The 800GB has two 512MB Micron DDR3 1333MHz DRAM ICs, while smaller capacities will utilize just one 512MB package. Intel claims to not cache any user data in DRAM, instead preferring to use the volatile cache for internal page tracking and management. All the same, corruption could result if power is interrupted during a write. The S3700 has power loss protection to keep a sudden outage from corrupting data, but if the system detects a fault in the two capacitors powering the system, it will voluntarily disable the volatile cache system. Unlike previous Intel PLP systems, the S3700 uses two 105c rated electrolytic 3.5v/47uF capacitors instead of a solid capacitor array.

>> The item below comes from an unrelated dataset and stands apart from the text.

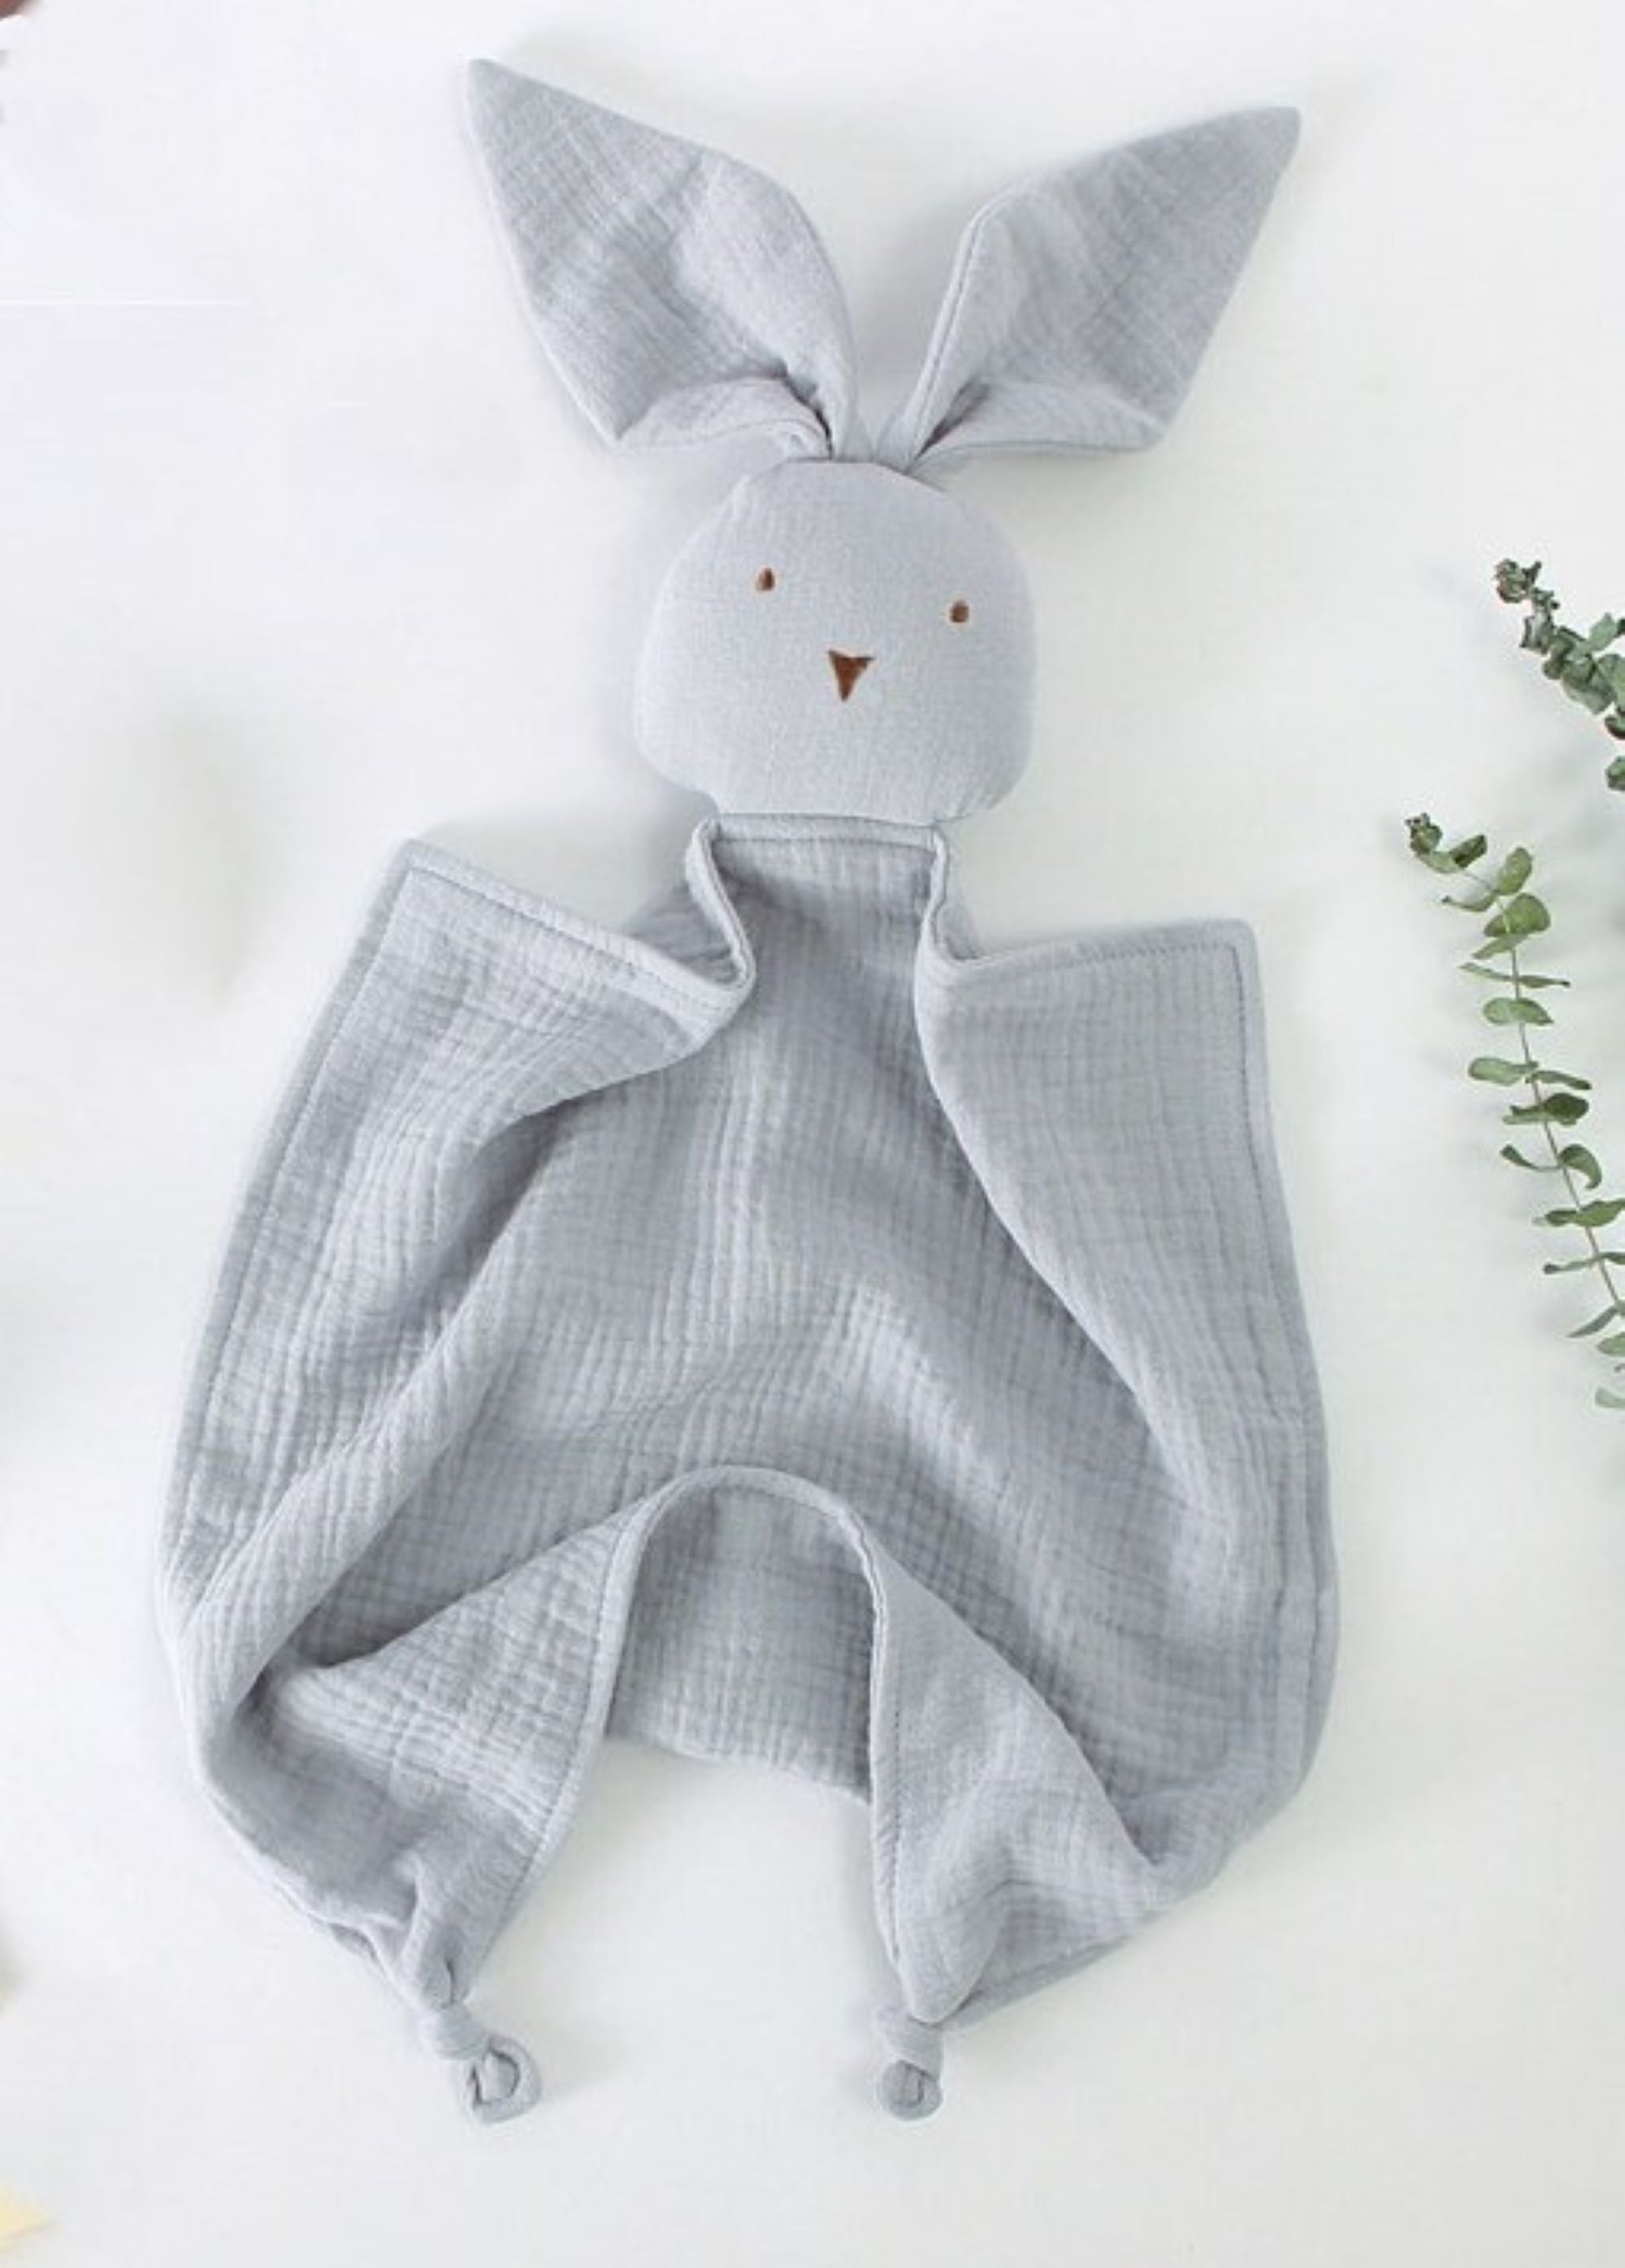 Organic Cotton Bunny Security Blanket/Baby Lovey

Intel says the DC S3700 is good for 10 full span, random drive writes per day (DWPD). Over five years, that amounts to over 14 petabytes for the 800GB, but up to 20PB if the workload becomes more sequential in nature. The industry is transitioning to the DWPD metric for endurance, as it factors drive capacity out of the equation while standardizing the test workload to an extent. Previously, a hodgepodge mix total byte written figures were used instead.
Under a high queue depth, full span random workload, write amplification (WA) usually goes through the ceiling. What might only be 200GB of host writes might incur 2,000GB of writes internally to the flash, a 10x difference. If you can lower the WA factor, you get more random drive writes per day over five years. If you raise the flash’s ability to handle stress events, like writing and erasing, you get more DWPD too. The average consumer drive with 3K PE rated flash can handle between .8 and 1.2 DWPD over five years. So to get 10 DWPD, you need low WA and high endurance flash. Over provisioning plays a big role here too, but keeping price/GB competitive is increasingly leading manufactures to dump lots of OP as a solution to better drive life.
Awesome product again, but price is very strange its equal to capacity i mean 2x100GB is exactly the same as 1x200GB and so on. For enterprise server more capacity is logical (save power & room), but for mid range servers its a kill – deal to buy smaller drives price/performance it will be a lot more then awesome.
Are you still using IOMeter to generate you test data? Also, are you testing the drive raw, or with a logical file system? Great review!!
On page 5, it’s described that this SSD uses deduplication.. is it right? Because I don’t find Intel has mentioned it elsewhere.. thanks for the great review.